Glass Onion: A Knives Out Mystery: Hercule Poirot and Elon Musk



Glass Onion: A Knives Out Mystery was even funnier and more fun than Knives Out, which was plenty funny and fun.  Plus, Glass Onion was just brimming with social relevance, extending its satire of Agatha Christie to our real world at large.  All to the good -- given what our real world is like, we could use all the satire we can get our eyes and ears on.

[Spoilers ahead ...]

COVID is the first real calamity to receive this treatment.  I certainly wouldn't want to see an entire movie lampooning anything about the pandemic -- it's no laughing matter -- but the start-up of Glass Onion with the masks and the protective blast to the throat was just right.

Elon Musk, on the other hand, deserves all the satire anyone can lob at him.  And Miles Bron, who turns out to be the villain of the story, surely has elements of Musk, hawking a scientific miracle energy breakthrough, flaunting his billionaire wealth, and all the rest.  Social media in general get a good ribbing in this movie, too,

The acting was great.  Daniel Craig (as sleuth Benoit Black) and Ed Norton (as Miles Bron) have never given anything less than a top performance, at least as far as I know.  And the supporting cast were in fine form, too.  For some reason, my favorite was Madelyn Cline as Whiskey (hey, she was excellent in Outer Banks, too).

Of course, in a satire whodunnit, the mystery plot has to be tight and well resolved.  I won't give everything away, on the slim chance that you're reading this and haven't already seen Glass Onion.  But I will say Hercule Poirot would've approved.

Oh, and the music was good, too!  "Glass Onion" is always a pleasure to hear.  And it sounded fantastic at the end of this movie.  I'm thinking the producers of the movie did to the sound what Peter Jackson did for the Beatles in Get Back -- the Beatles never sounded better!

And while we're on the subject of music in this movie, Nat King Cole's "Mona Lisa" gets that same -- let's call it Peter Jackson -- treatment. Cole's uniquely warm voice, like "chestnuts roasting on an open fire," sounds like it's in the same room with us. Mona Lisa -- the Leonardo da Vinci painting -- makes a major appearance in the movie, a symbol of Bron's boastful greed -- as does an acoustic guitar alleged to be Paul McCartney's, which Bron strums for "Blackbird" to impress his guests. 

Okay, this review is about a movie, not its music, but as long as I'm into it, the Bee Gees' "To Love Somebody" sounded crystal clear beautiful, too, as did David Bowie's "Starman" (his "Star" is in Glass Onion, too, but I always liked "Starman" much more).
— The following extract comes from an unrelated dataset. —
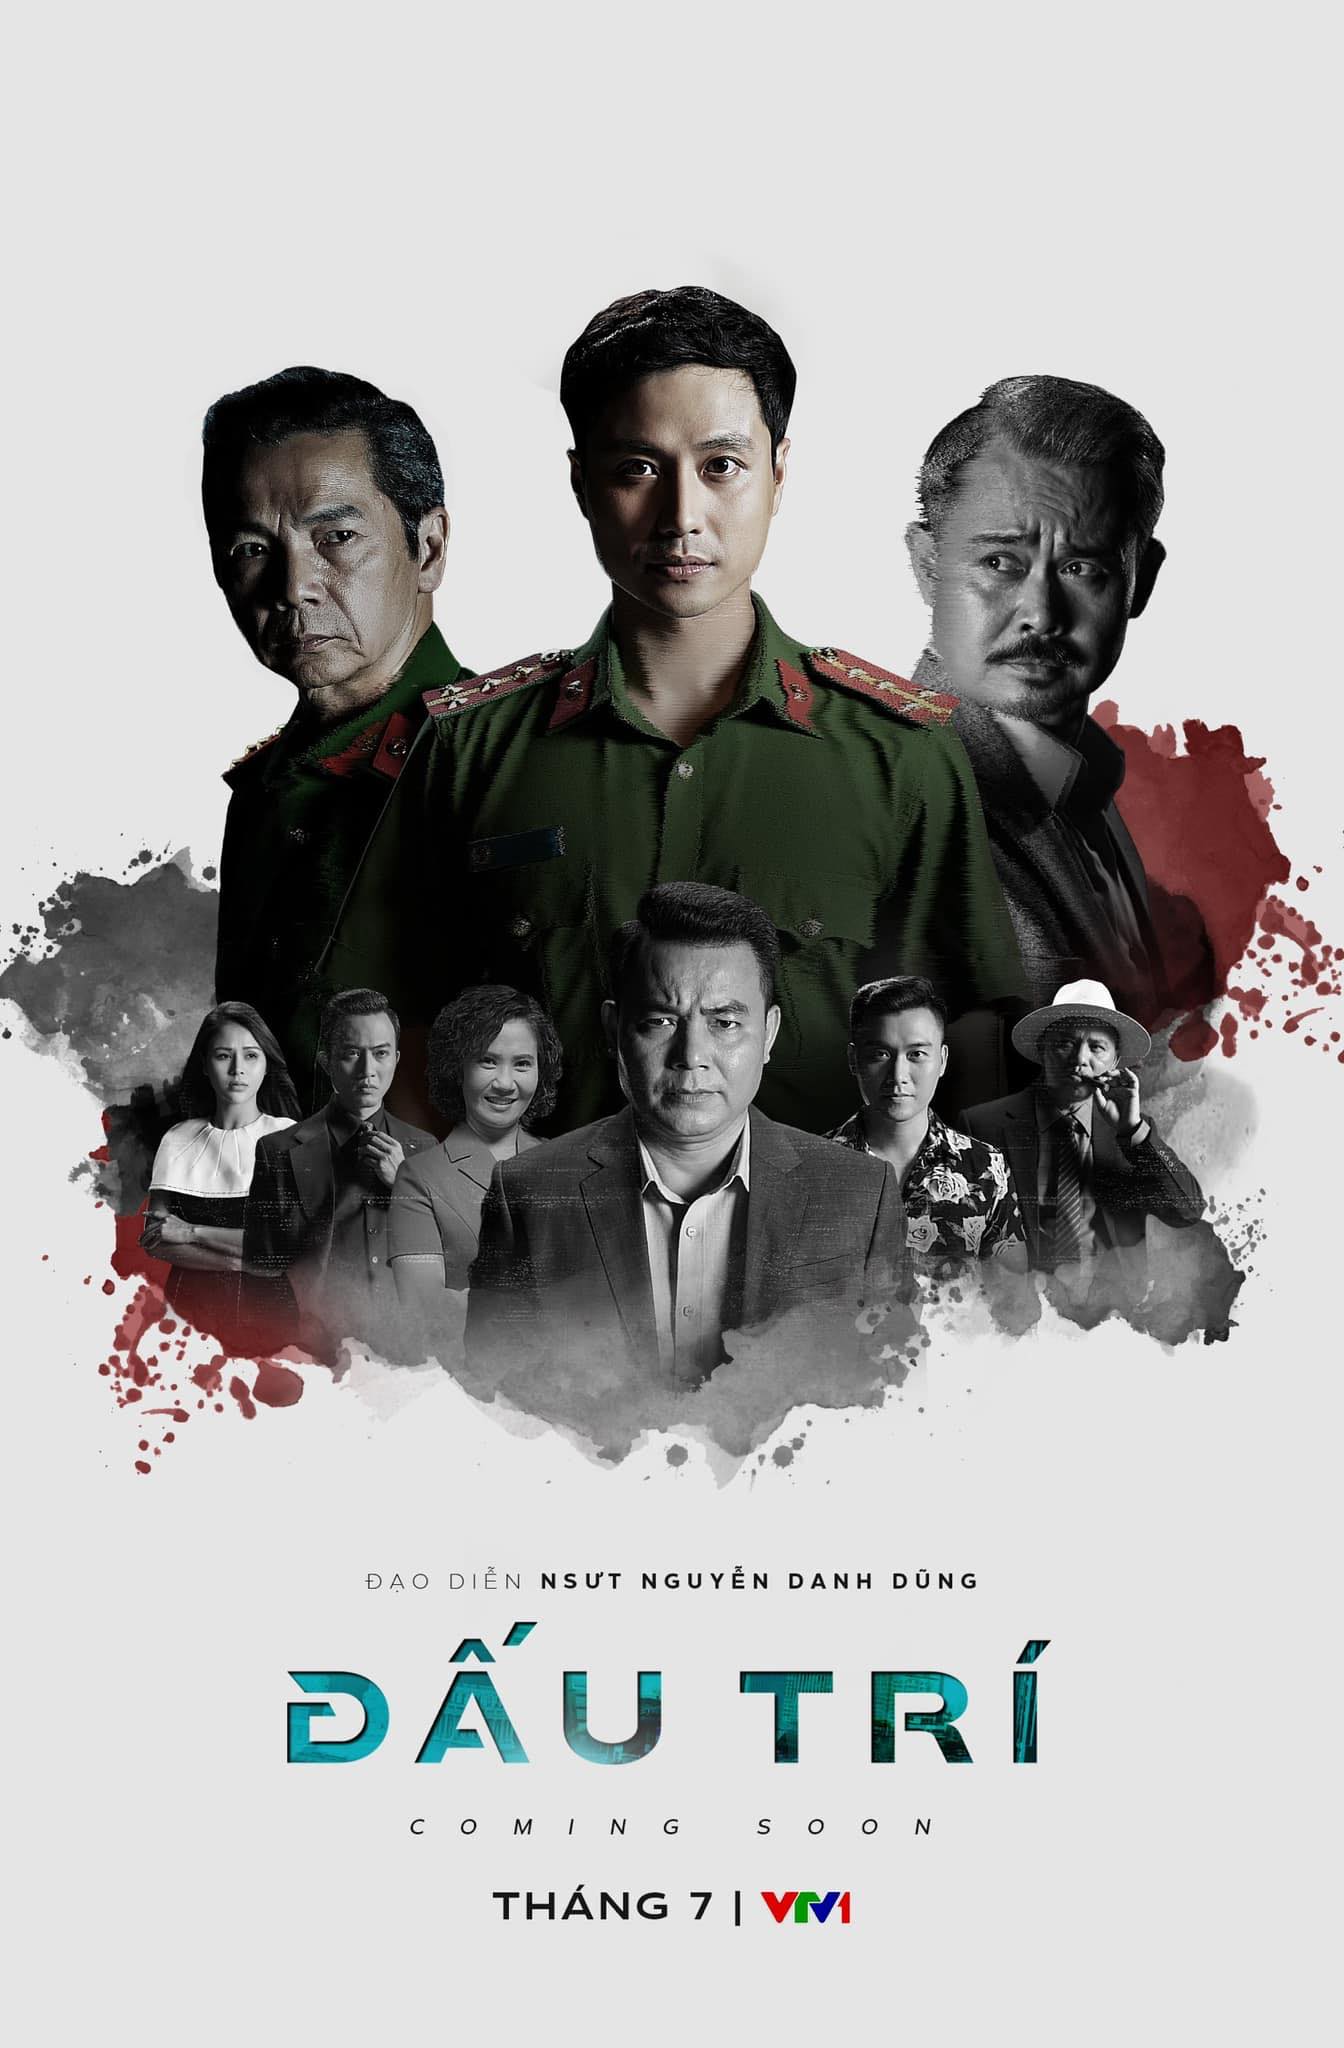 Đại uý Vũ - Thanh Sơn trong phim Đấu trí bật mí cảnh quay căng não, khó nhằn trên phim - Ảnh 5.

And one last point, promise, about this music: it was fun to hear Toots and the Maytals sing "Take Me Home, Country Roads," but yeah, it made me wish I was hearing John Denver singing his song with co-writers Taffy Nivert and Bill Danoffin this supersonic mix. 

 All credit goes to Rian Johnson, who not only selected the songs, but wrote and directed this gem of a movie.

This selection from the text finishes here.